Gen1 and Gen2 ACL Behavior Analysis #
Overview #
Azure Data Lake Storage is Microsoft’s optimized storage solution for big data analytics workloads. ADLS Gen2 is the combination of the current ADLS Gen1 and Blob storage.
Azure Data Lake Storage Gen2 is built on Azure Blob storage and provides a set of capabilities dedicated to big data analytics. Data Lake Storage Gen2 combines features from Azure Data Lake Storage Gen1, such as file system semantics, directory, and file level security and low cost scalability, tiered storage, high availability/disaster recovery capabilities from Azure Blob storage. Azure Data Lake Storage Gen1 implements an access control model that derives from HDFS, which in turn derives from the POSIX access control model. Azure Data Lake Storage Gen2 implements an access control model that supports both Azure role-based access control (Azure RBAC) and POSIX-like access control lists (ACLs).

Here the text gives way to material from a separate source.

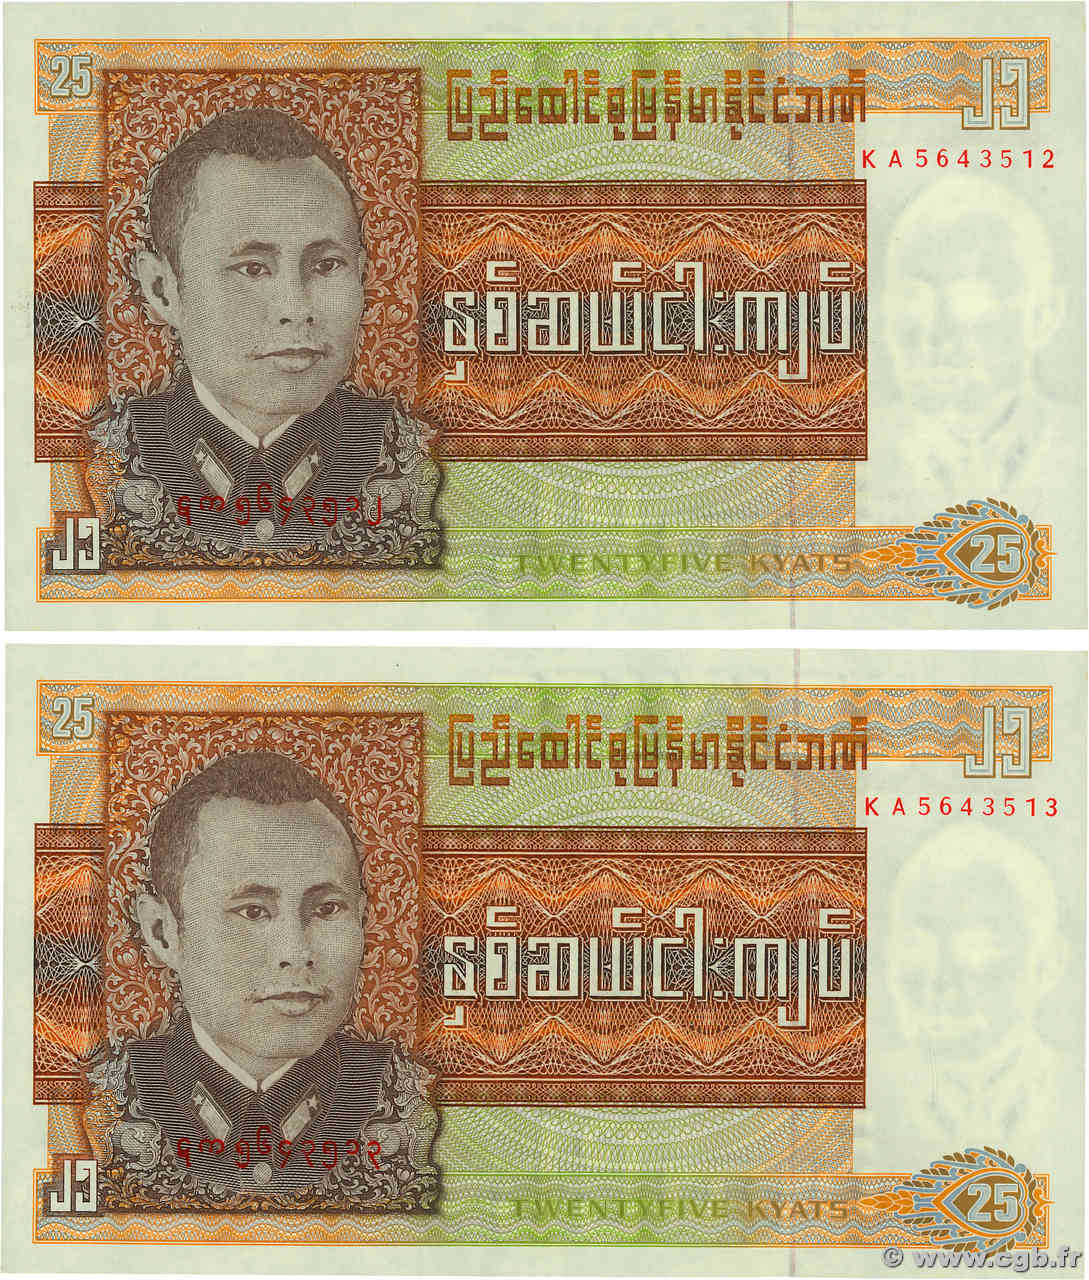 25 Kyats BURMA (VOIR MYANMAR)  1972 P.59 fST+

This article summarizes the behavioral differences of the access control models for Data Lake Storage Gen1 and Gen2.
Prerequisites #
- Active Azure Subscription
- Azure Data Lake Storage Gen1 and Gen2
- Azure Key Vault. Required keys and secrets to be configured here.
- Service principal with read, write and execute permission to the resource group, key vault, data lake store Gen1 and data lake store Gen2. To learn more, see create service principal account and to provide SPN access to Gen1 refer to SPN access to Gen1
- Java Development Kit (JDK 7 or higher, using Java version 1.7 or higher) for Filesystem operations on Azure Data Lake Storage Gen1 and Gen2
ACL Behavior in ADLS Gen1 and Gen2 #
Account Root Permissions #
Check GetFileStatus and GetAclStatus APIs with or without permissions on root Account path
- GEN1 Behavior: Permission required on Account root- RX(minimum) or RWX , to get an account root content view
- GEN2 Behavior: A user with or without permissions on container root can view account root content
OID-UPN Conversion #
Check the identity inputs for UPN format APIs (Eg:GetAclStatus, Liststatus ,GetFileStatus) and OID format APIs (Eg:SetAcl, ModifyAclEntries, RemoveAclEntries)
- GEN1 Behavior: OID <-> UPN conversion is supported for Users, Service principals and groups
Note: For groups, as there is no UPN, conversion is done to Display name property
- GEN2 Behavior: Supports only User OID-UPN conversion.
Note: For service principal or group ,as UPN or Display Name is not unique, the derived OID could end up being an unintended identity
RBAC User Role Significance #
RBAC roles and access control
- GEN1 Behavior: All users in RBAC Owner role are superusers. All other users (non-superusers),need to have permission that abides by File Folder ACL. Refer here for more details
- GEN2 Behavior: All users in ‘RBAC -Storage blob data owner’ role are superusers. All other users can be provided different roles(contributor, reader etc.) that govern their read, write and delete permissions, this takes precedence to the ACLs sent on individual file or folder. Refer here for more details
Store Default Permission #
Check if default permission is considered during file and directory creation
- GEN1 Behavior: Permissions for an item(file/directory) cannot be inherited from the parent items. Refer here
- GEN2 Behavior: Permissions are only inherited if default permissions have been set on the parent items before the child items have been created. Refer here
User Provided Permission on File/Directory Creation #
Create a file/directory with explicit permission
- GEN1 Behavior: File/Directory is created, and the final permission will be same as the user provided permission
- GEN2 Behavior: File/Directory is created, and the final permission will be computed as [user provided permission ^ umask (currently 027 in code)]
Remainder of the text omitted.